§ Work instruction
Once you reach the line with "MARNI Cardigan with", copy it and every line after it exactly, up to the end of the data. Omit the pictures.

§ Provided data

══════════

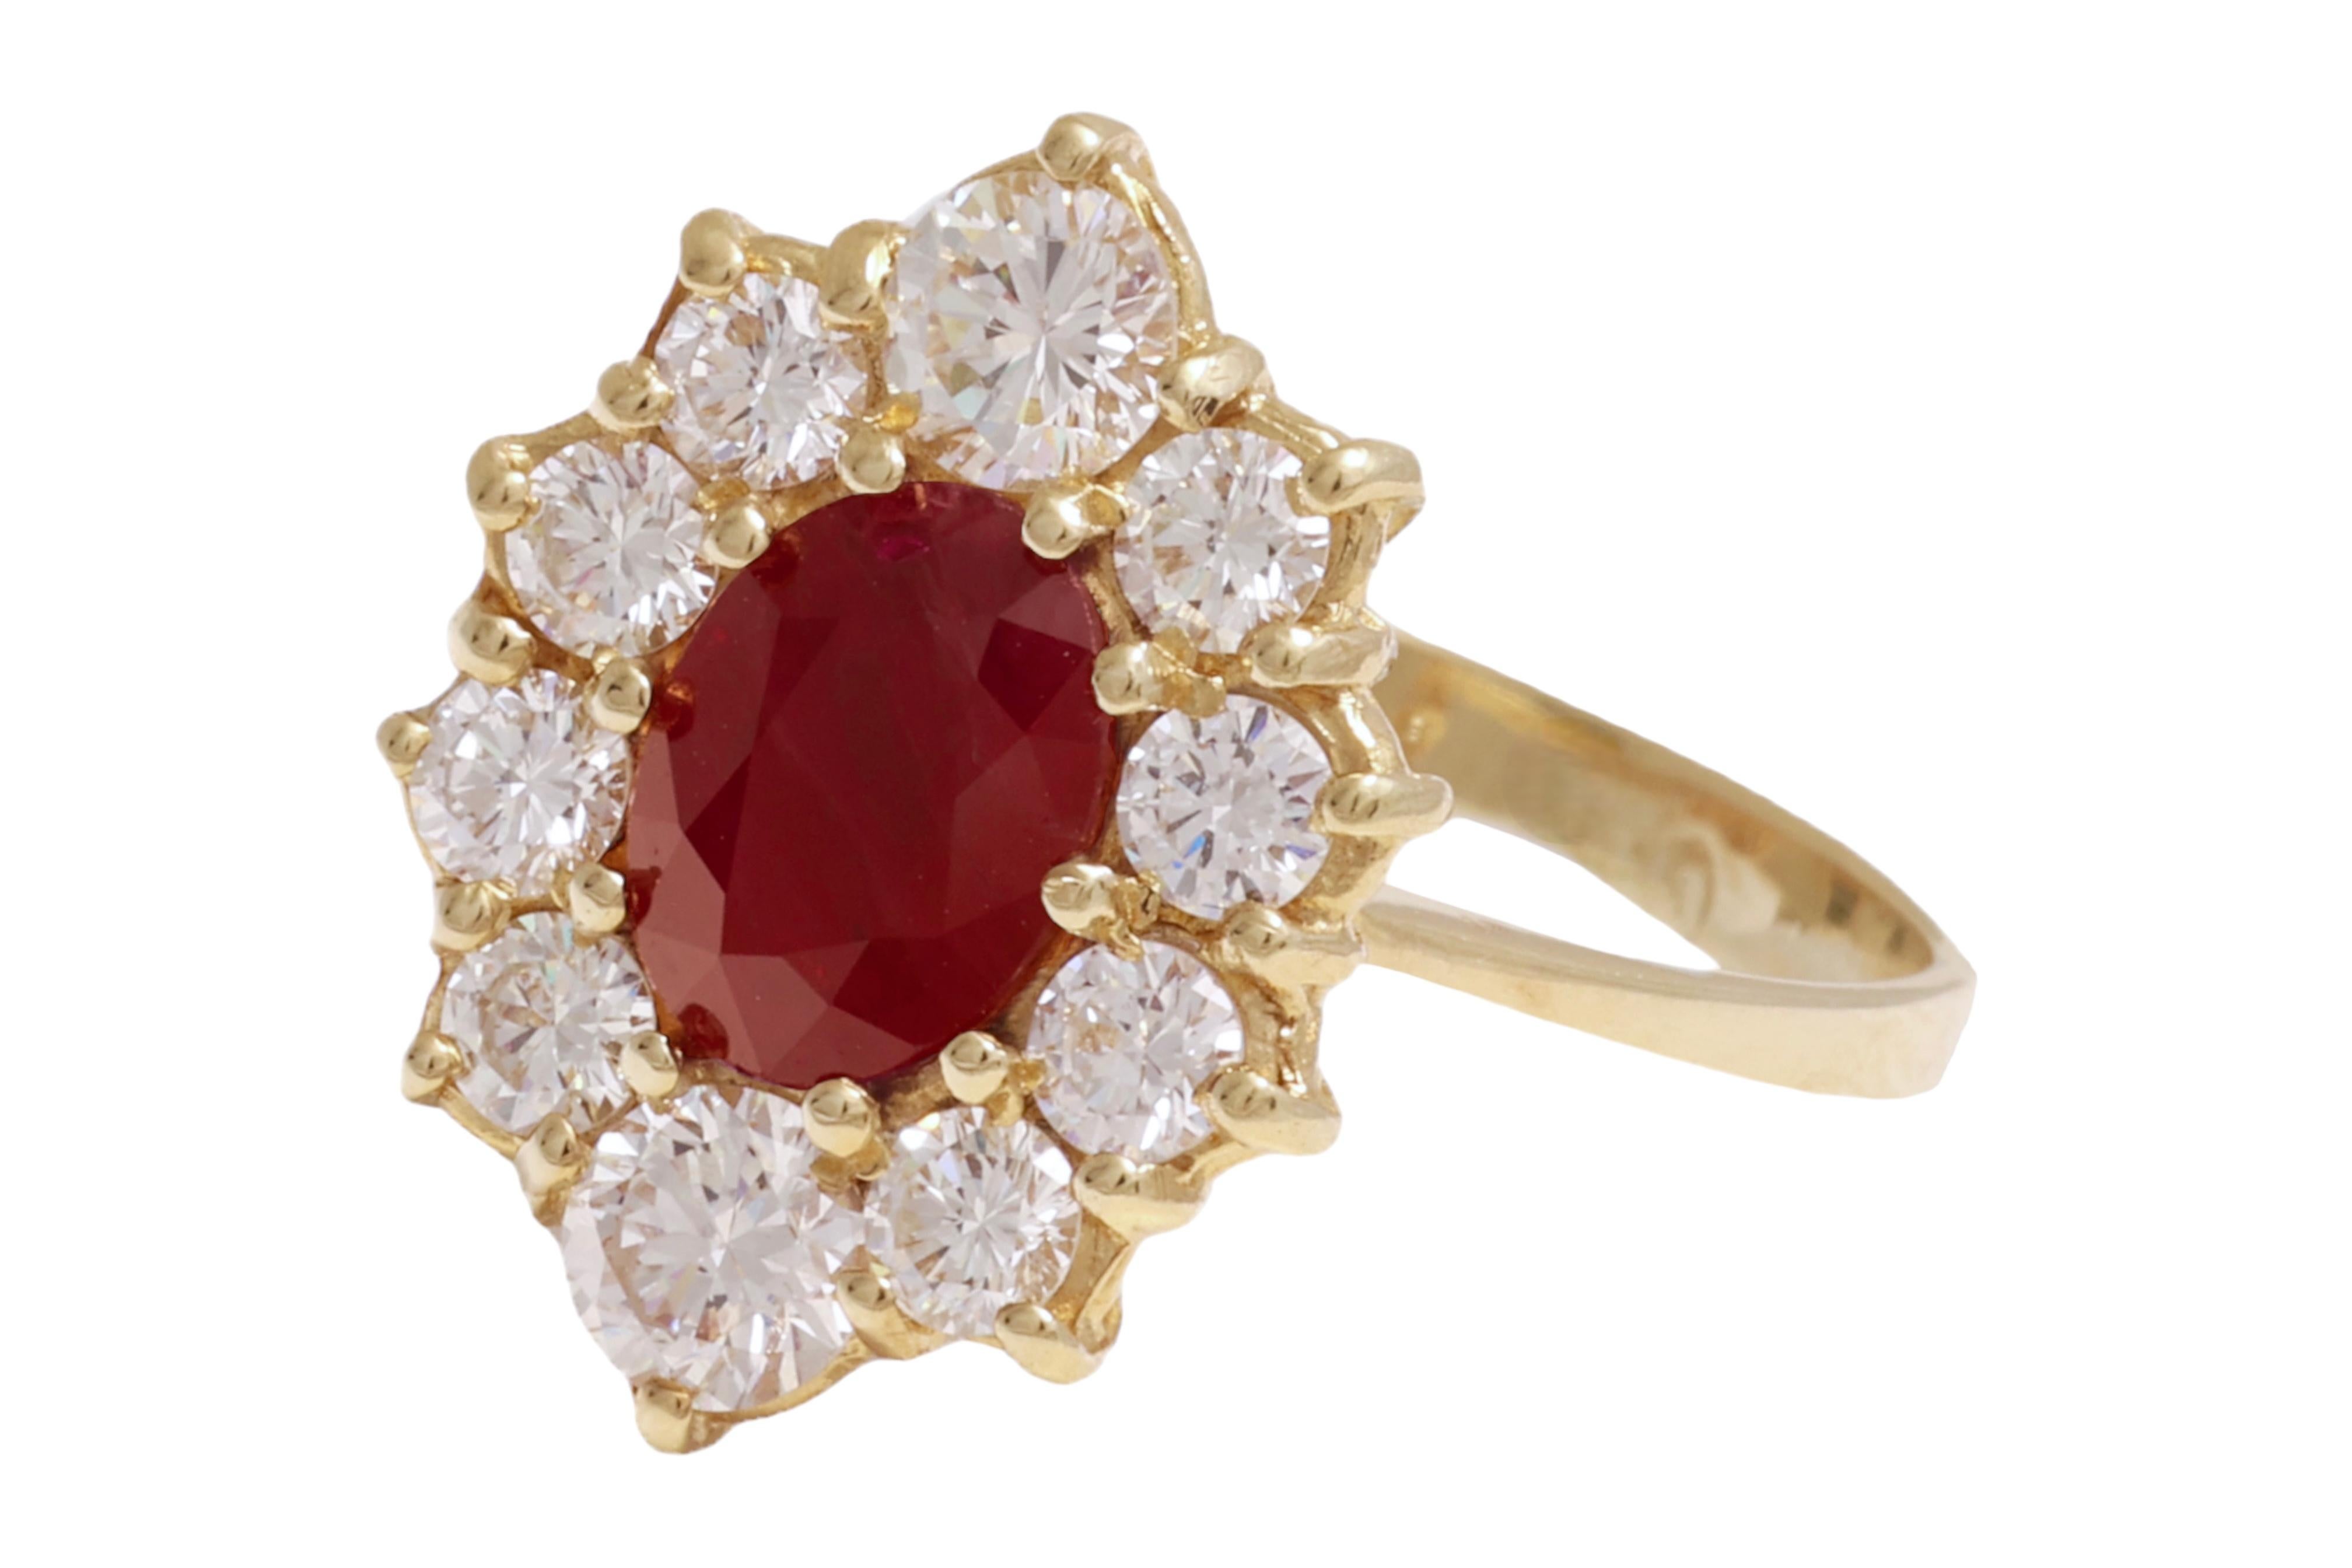 Brilliant Cut 18 Karat Yellow Gold 1.71 Carat Ruby Ring with Diamonds For Sale
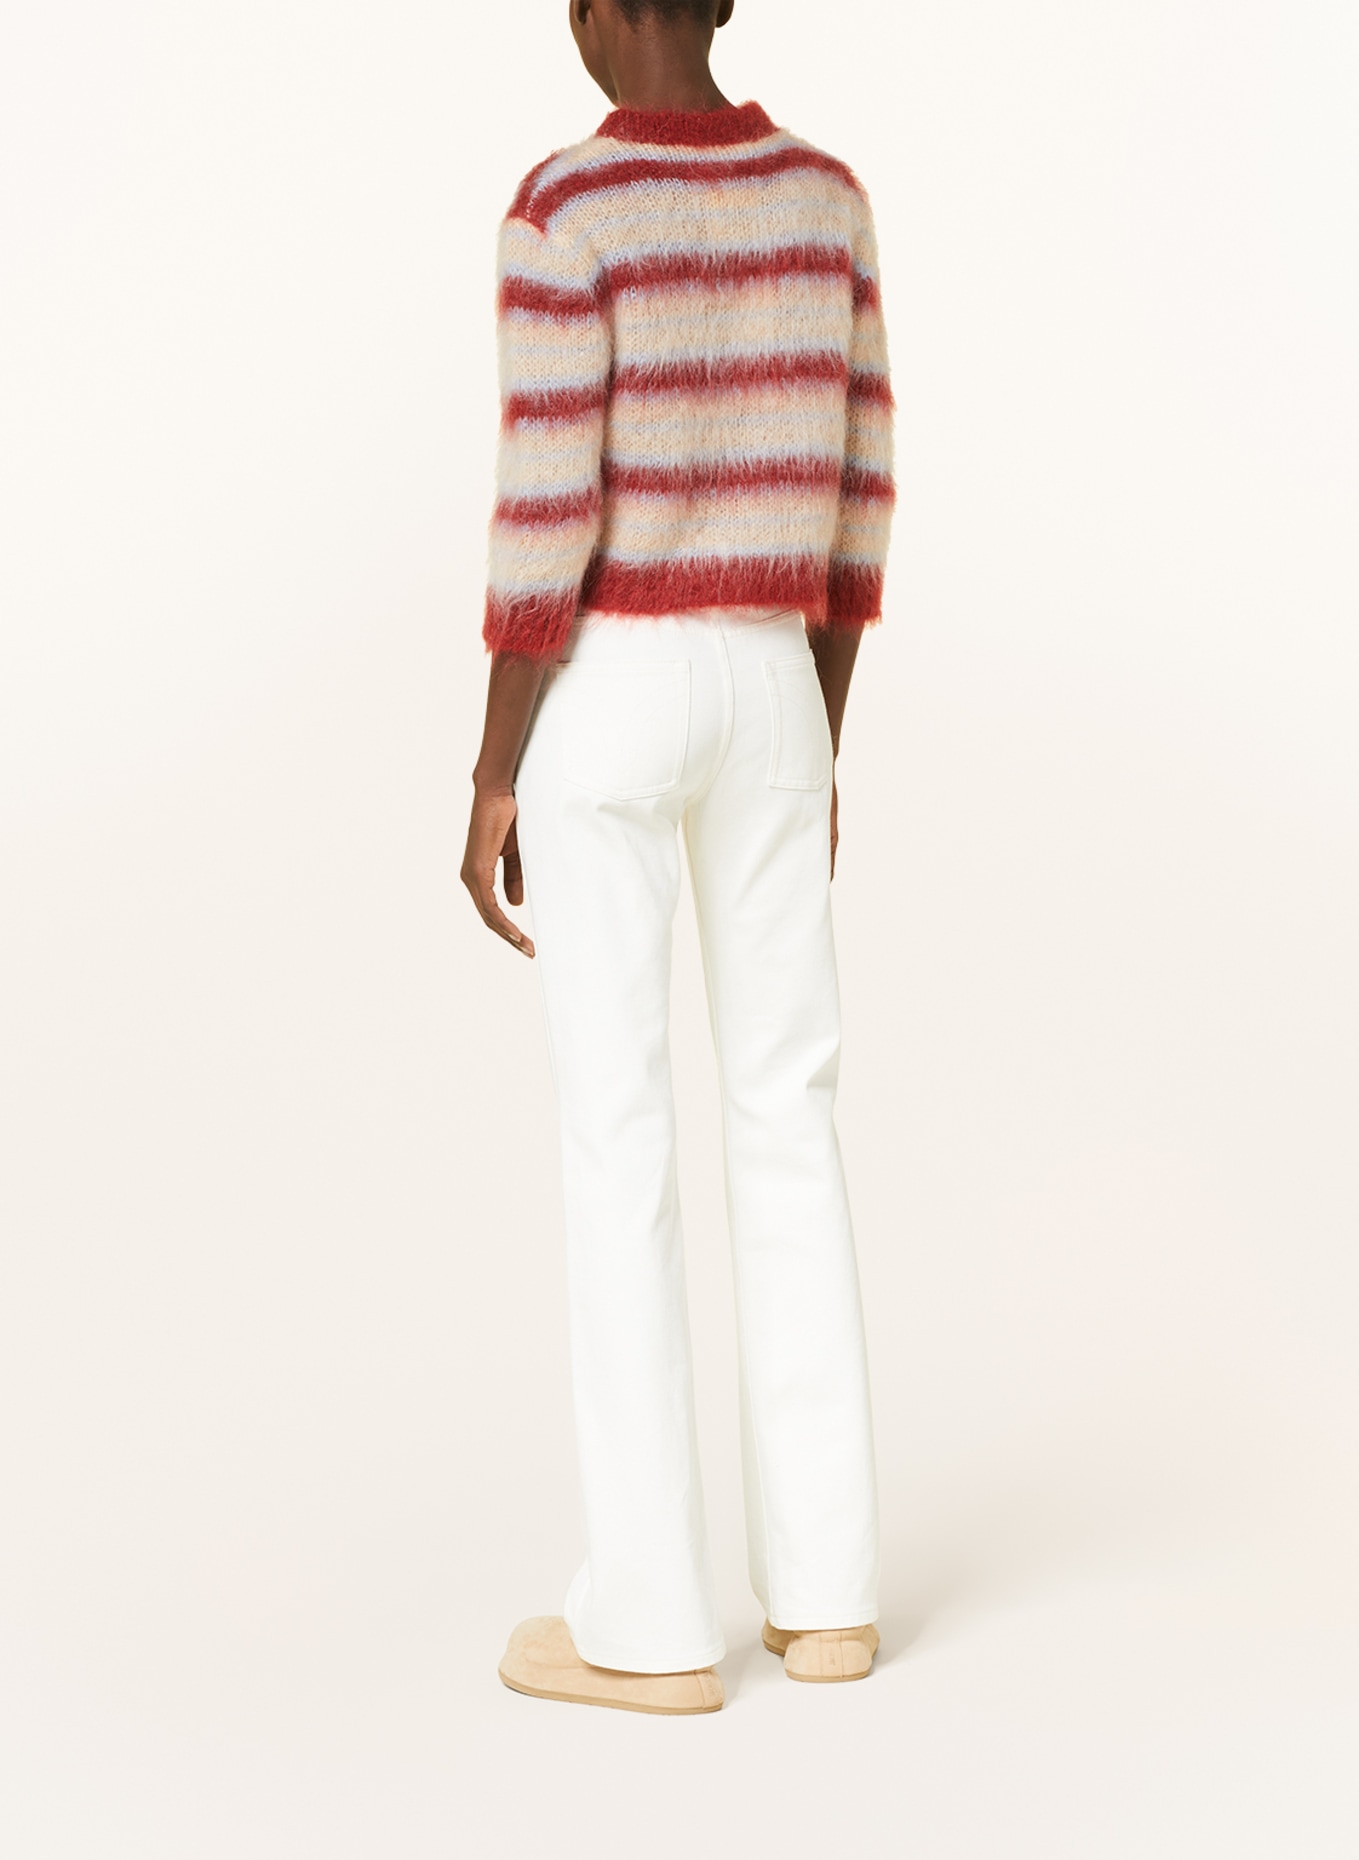 MARNI Cardigan with mohair, Color: CREAM/ LIGHT BLUE/ DARK RED (Image 3)
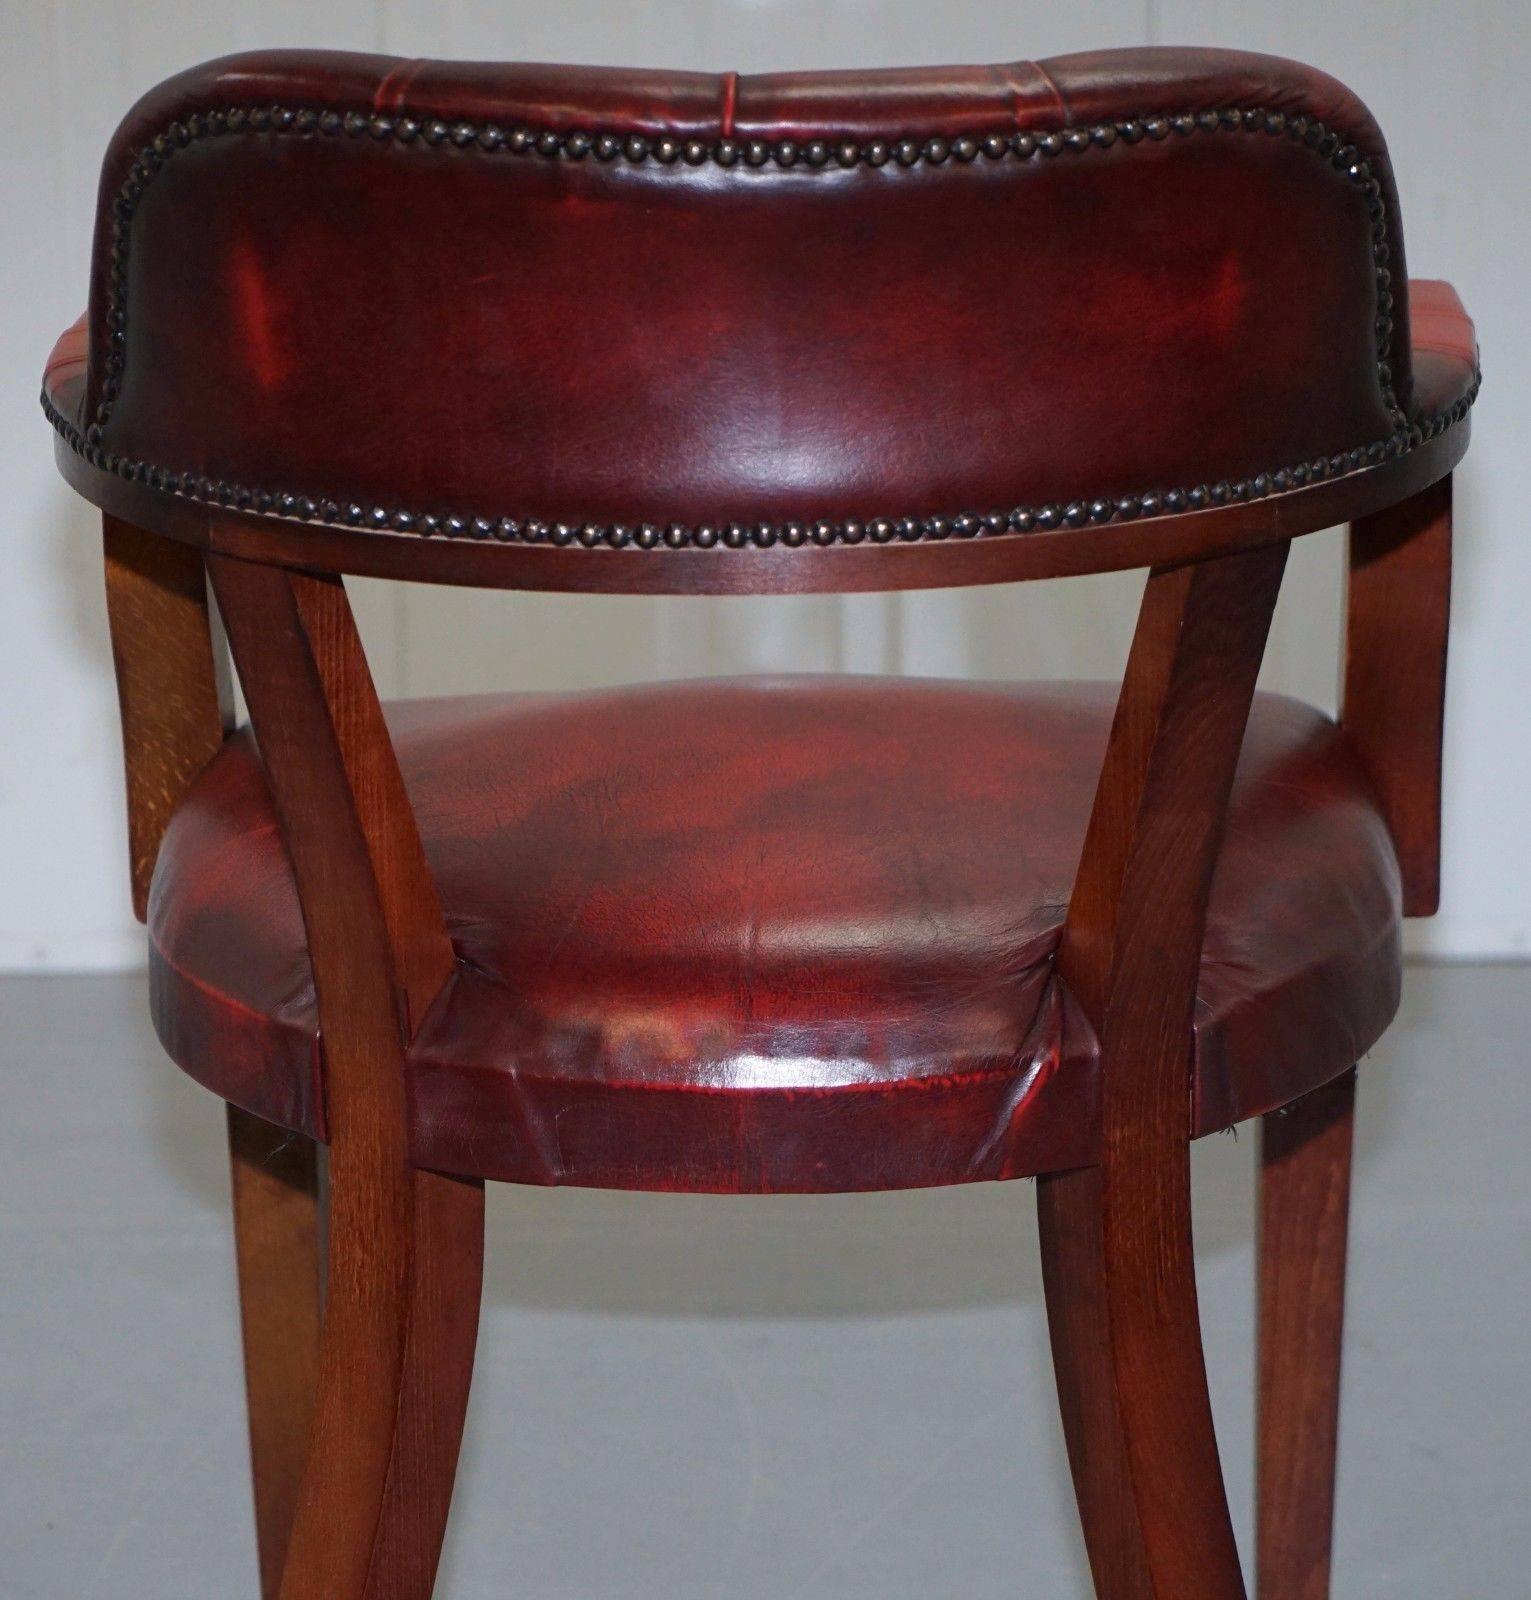 Lovely Oxblood Leather Chesterfield Court Chair for Desks or Guests Lovely Find 3

══════════

§ Your response
 MARNI Cardigan with mohair, Color: CREAM/ LIGHT BLUE/ DARK RED (Image 3)
 Lovely Oxblood Leather Chesterfield Court Chair for Desks or Guests Lovely Find 3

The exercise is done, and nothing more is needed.